Give the listing again word for word, excluding the pictures it contains.

* [Data segment]
# # #

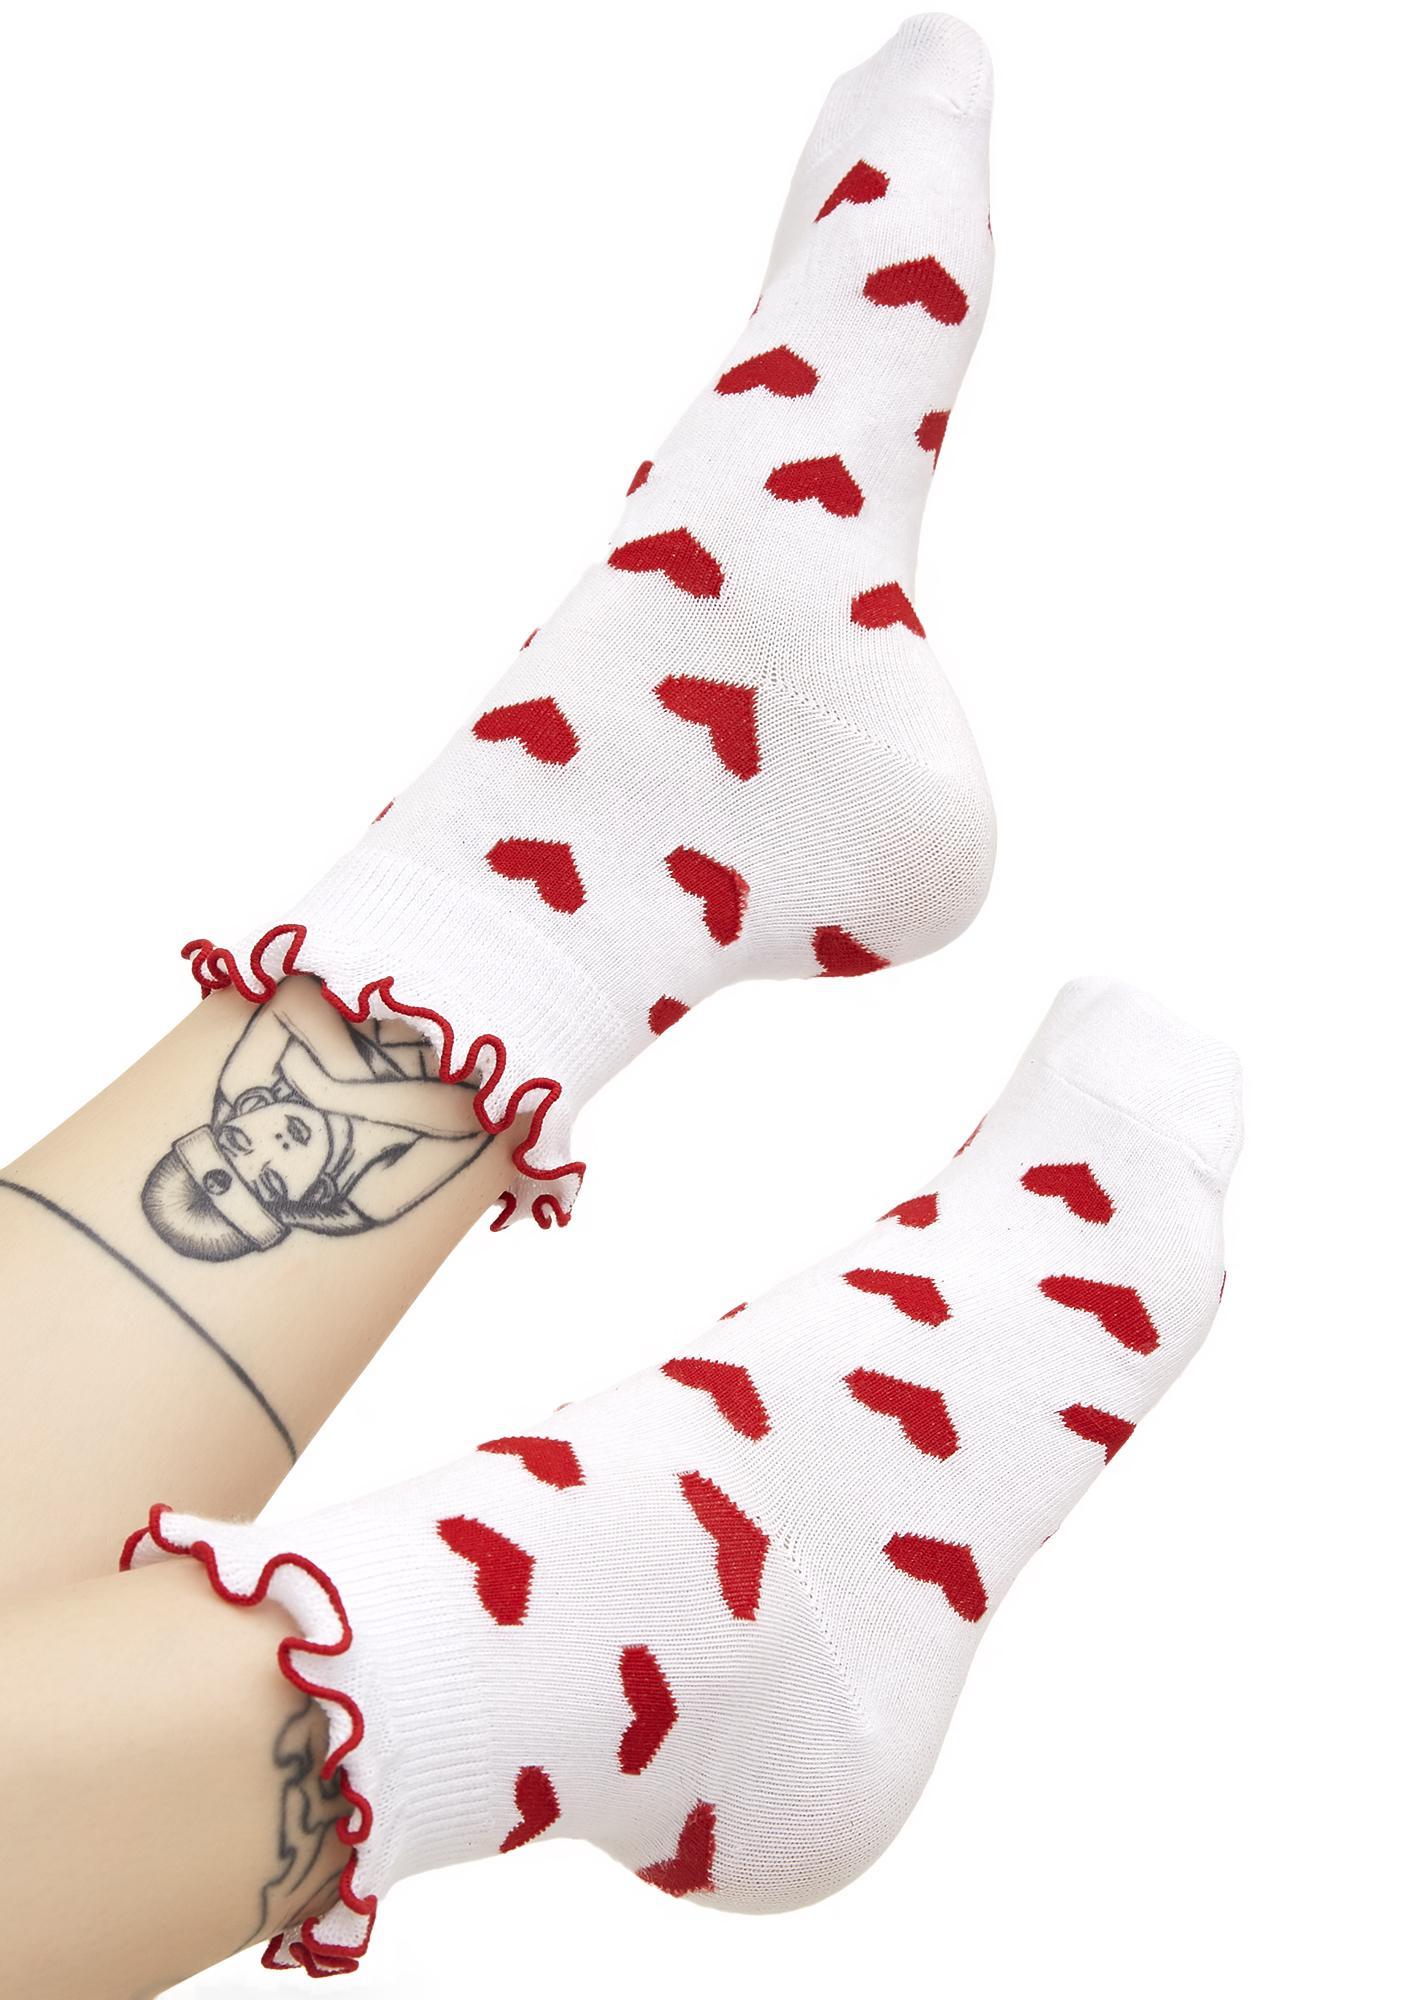 Lazy Oaf Red Hearts Socks
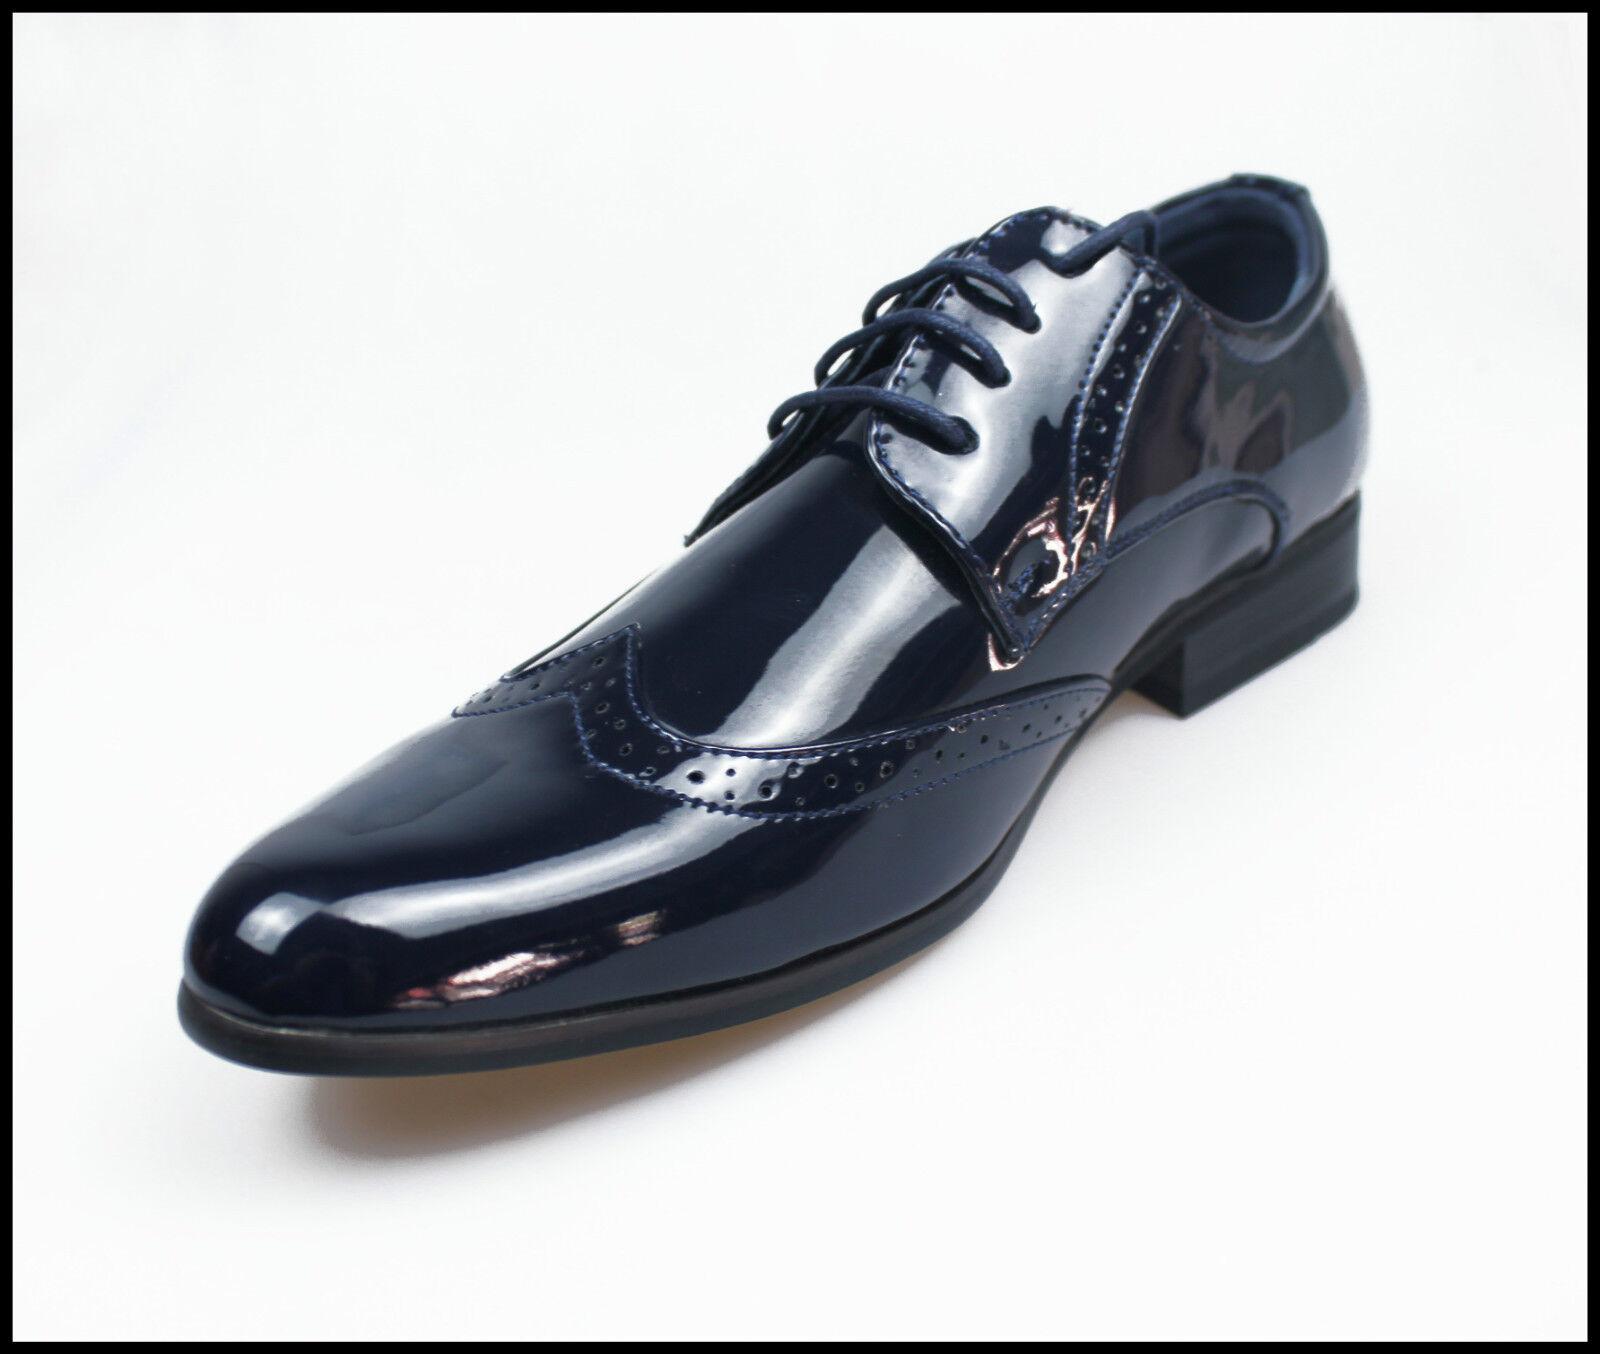 adidas nuovi modelli scarpe
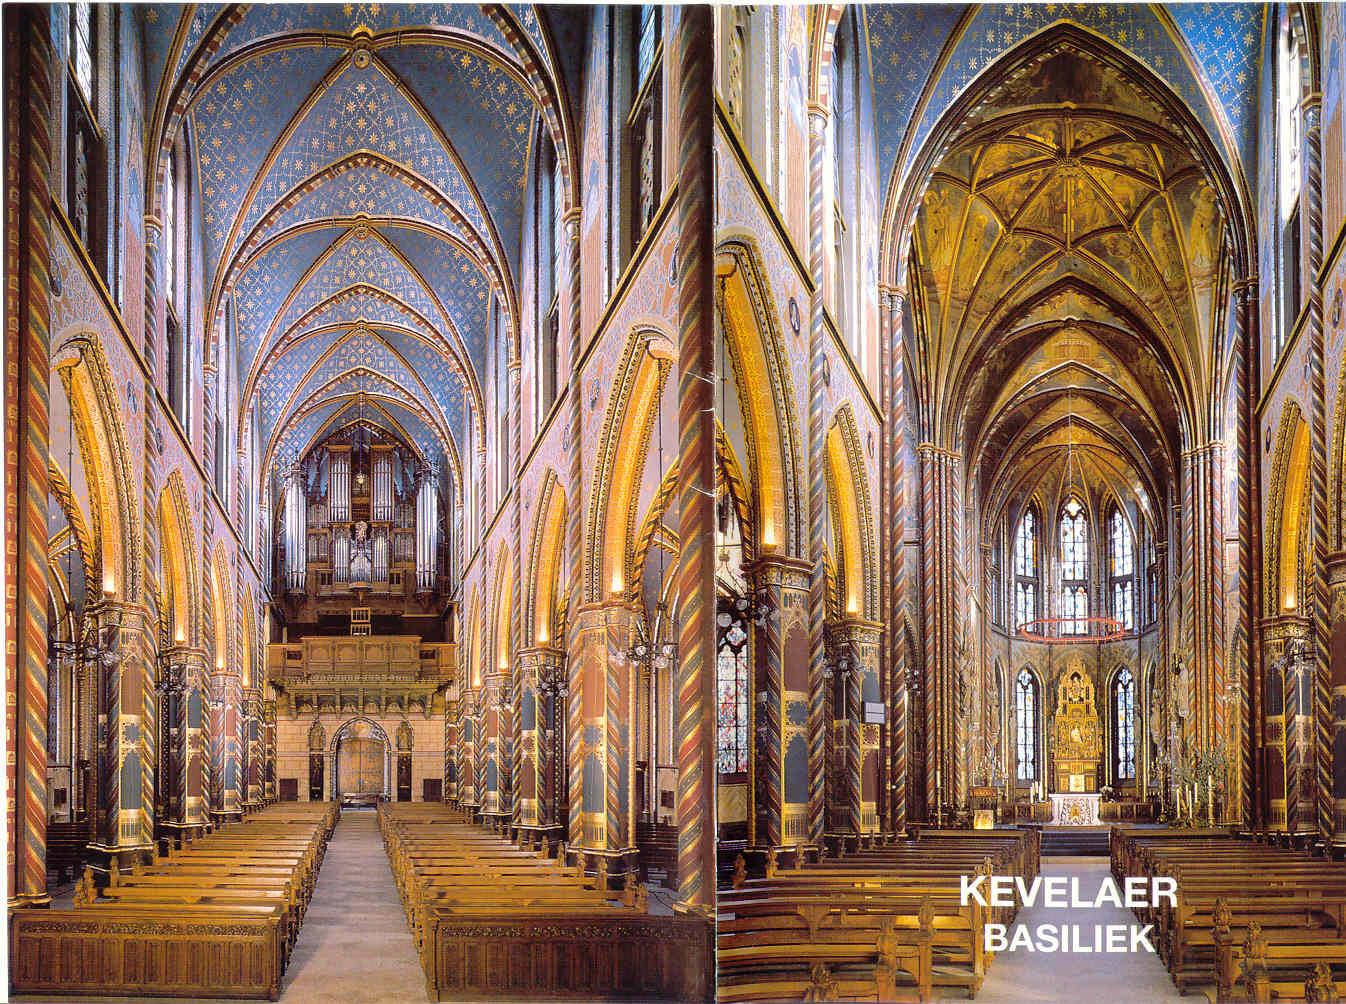 Basiliek Kevelaer
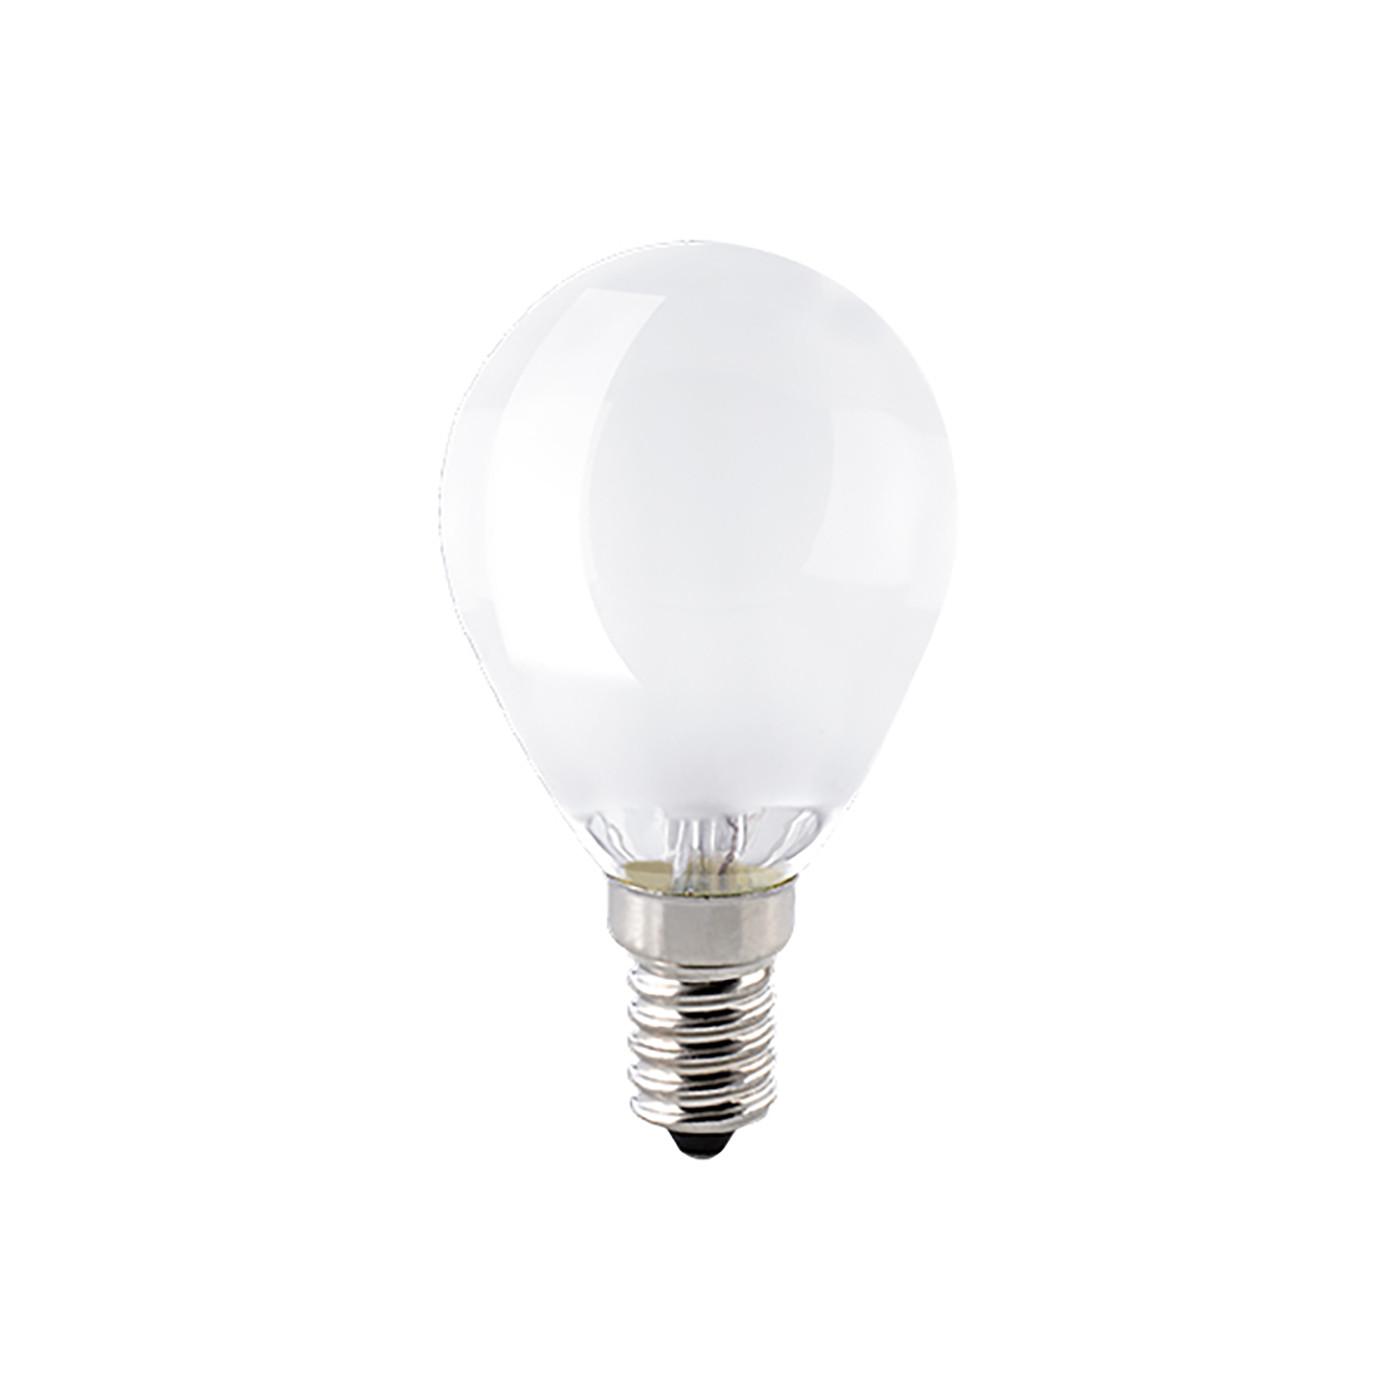 Sigor LED-Filament-Kugellampe P45 4,5W 2700K 230V E14 matt

# # #

* [Answer for this exercise]
 Lazy Oaf Red Hearts Socks
 adidas nuovi modelli scarpe
 Basiliek Kevelaer
 Sigor LED-Filament-Kugellampe P45 4,5W 2700K 230V E14 matt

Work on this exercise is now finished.